POEME : Jumeaux

Publié le par Aelghir

 

                                    

 

Mon frère contre moi commit la transgression.

Celui que j'honorais m'infligea l'oppression.

Son insincère cœur médita l'agression

Pour me coucher au sol, jouir de ma suppression.

 

A peine un court instant me fit naître l'aîné,

Il se mit à haïr celui qui était né

Le premier des jumeaux, lui n'était que puîné.

A n'être que second, il était enchaîné.

 

Le trône toutefois n'était pas son objet.

Il m'avait dit vouloir exister sans reflet,

Briser l'odieux miroir dans lequel il n'était

Qu'un simple souvenir et un vague projet.

 

On le crut mon pareil, lui-même s'en vantait

Tandis que dans son cœur par le péché hanté,

En proie à la folie, sans cesse il fomentait

D'invalider l'erreur de notre parenté.

 

Mon jumeau meurtrier, lui que j'aimais pourtant,

Qu'à genoux j'adjurais d'abandonner au temps

Le pouvoir d'effacer jusqu'à nos différends,

De mes larmes riait et m'appelait enfant.

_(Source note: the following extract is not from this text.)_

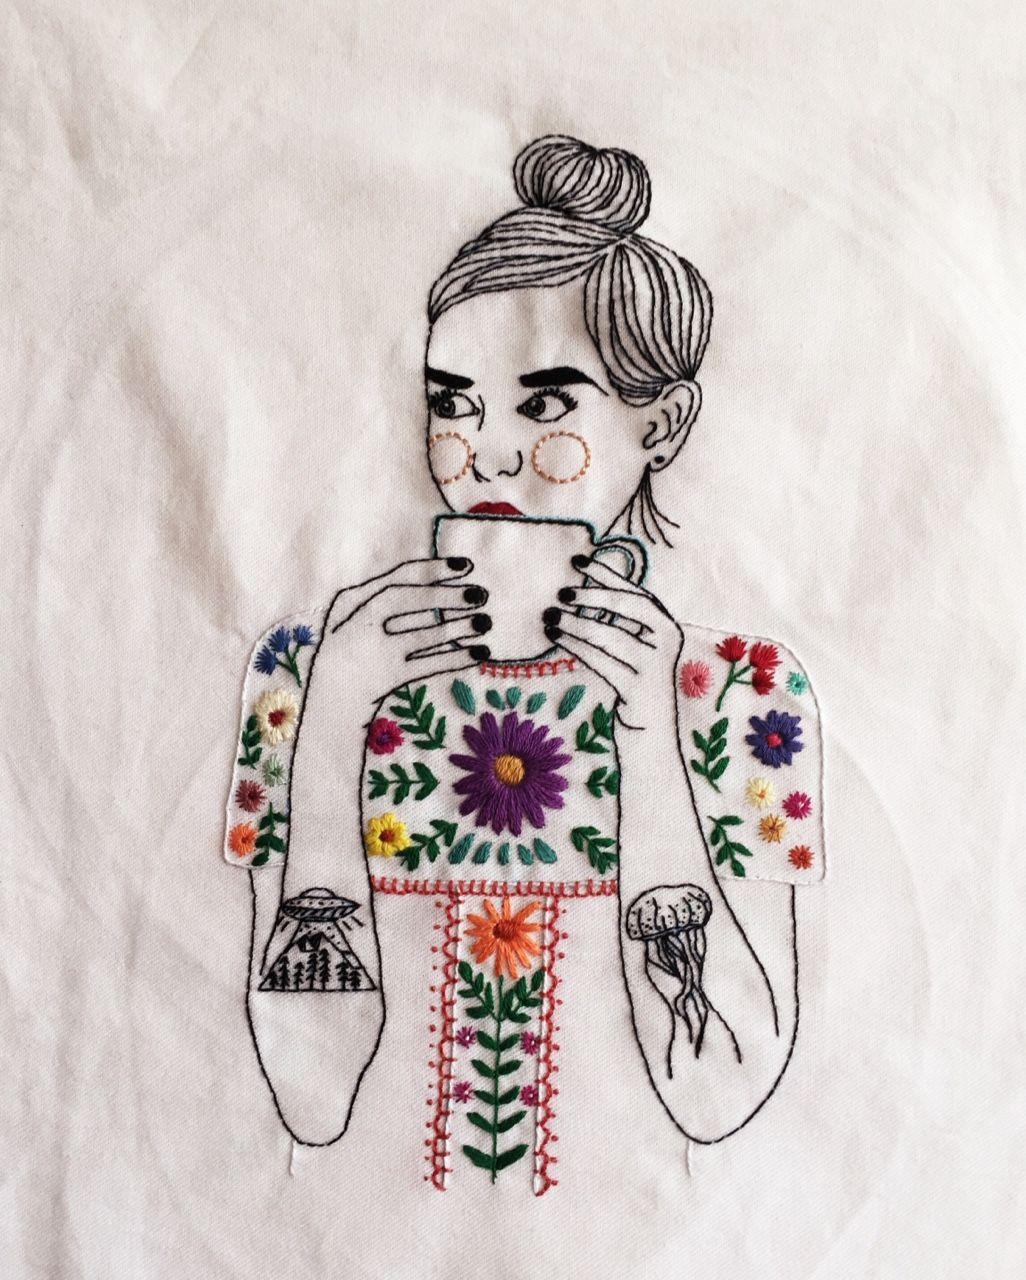 feminist illustration Tumblr | Sew/knit/crochet | Bordado, Bordado ...
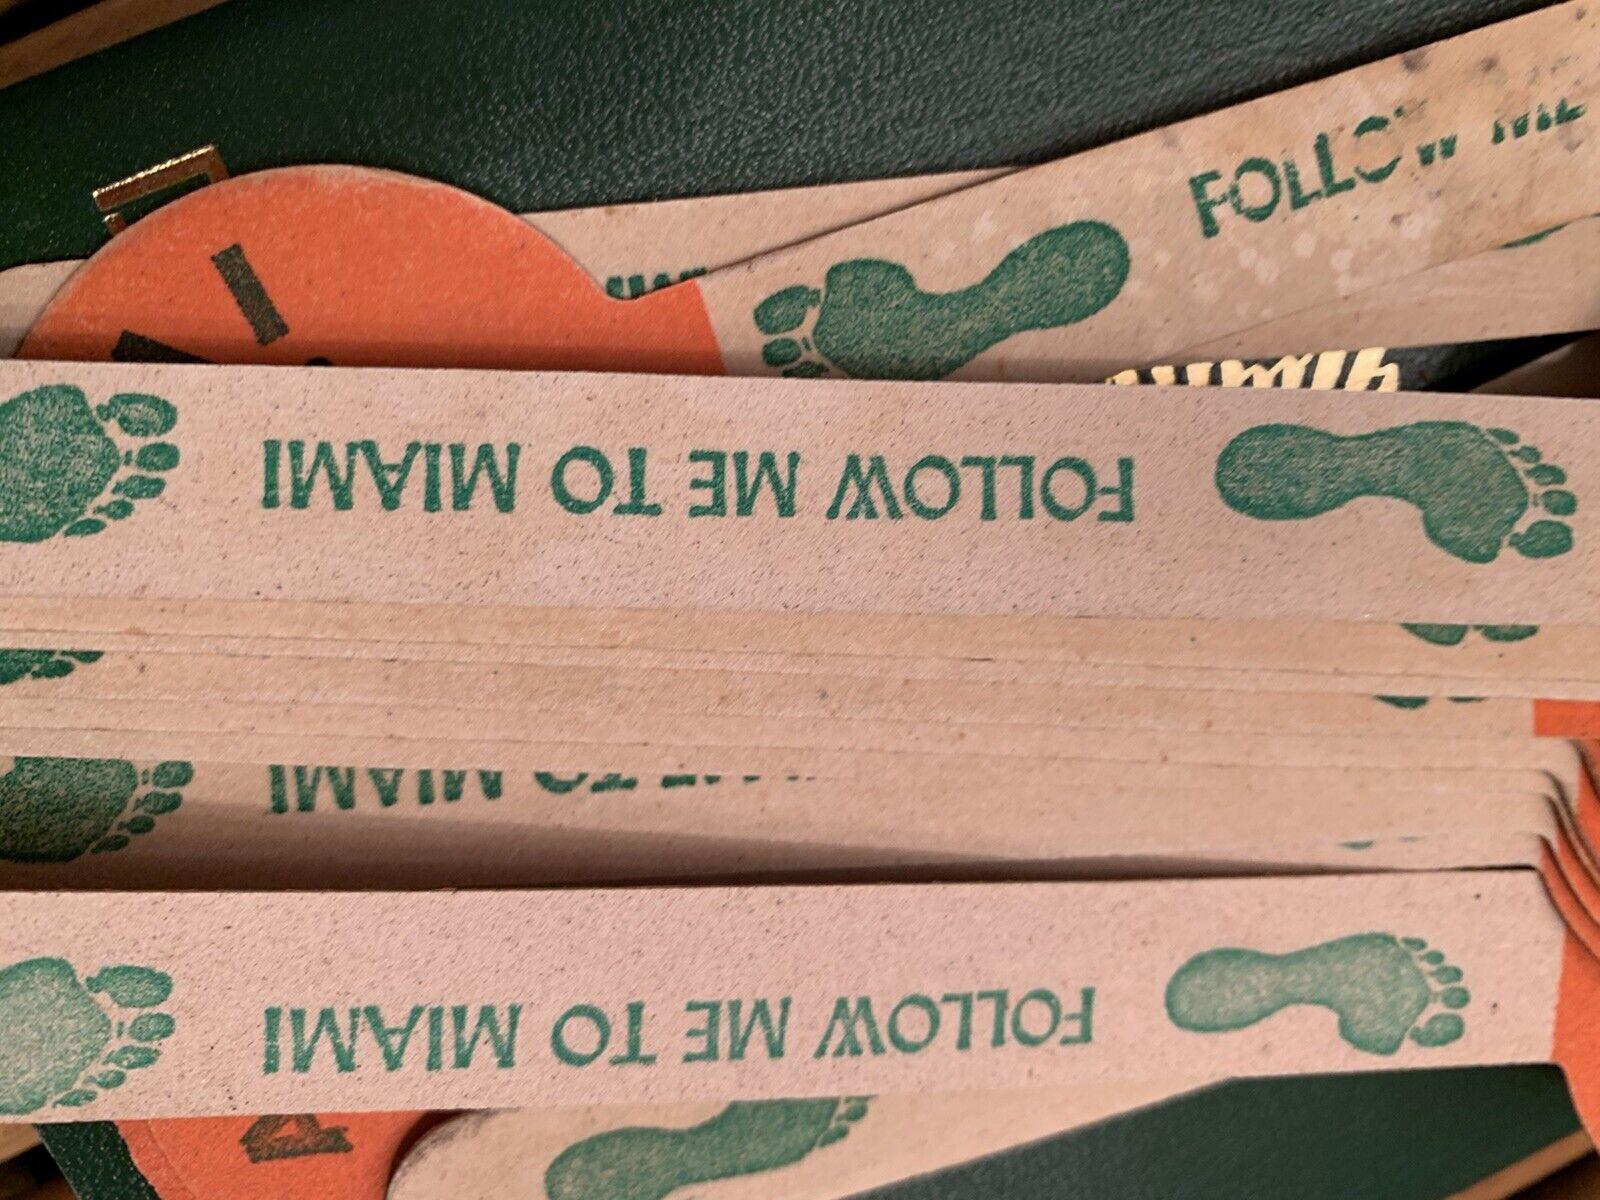 4 Miami Florida Vintage Souvenir Follow Me To Miami Nail Files - $10.00

 Il se raillait de moi qui parlais d'amitié,

Qui invoquais l'amour sans nommer la pitié,

Qui rappelais la loi qui nous faisait moitiés

Et doubles pour la vie... Il se voulait entier.

 

Puis le mal pour le bien, le trompeur me rendit.
Sans honte il me livra au poignard d'un bandit.

Il renia nos liens et en sortit grandi.

Tous accordèrent foi à ce qu'il leur en dit.


 

Il lui fallait tuer pour vivre sans partage,

Et ne plus demeurer de son sosie l'otage.

Notre séparation lui donnait l'avantage.

Il arma un soudard pour vivre sans image.


 

Le chef de la lignée, l'aïeul rébarbatif,

Sans rechigner rendit un jugement hâtif.

On vint lui dénoncer un pauvre homme craintif,

Il n'eut plus qu'à sceller l'acte vindicatif.


 

Fut-ce par lâcheté qu'il maudit l'innocent

Et ne répugna pas à répandre son sang ?

Mon frère règnerait et deviendrait puissant

Aisé à courroucer et volontiers blessant.


 

L'inventaire si bref sur ma pierre tombale,

Le linceul replié sur mon visage pâle,

Le cri à jamais tu sous le poids d'une dalle

Firent du criminel le dernier enfant mâle.


 

Tu seras bientôt roi, unique par ma mort.

Mais sous le marbre froid, l'assassiné qui dort

N'oubliera pas celui qui lui causa ce tort.

Frère, tu goûteras l'effroyable remord.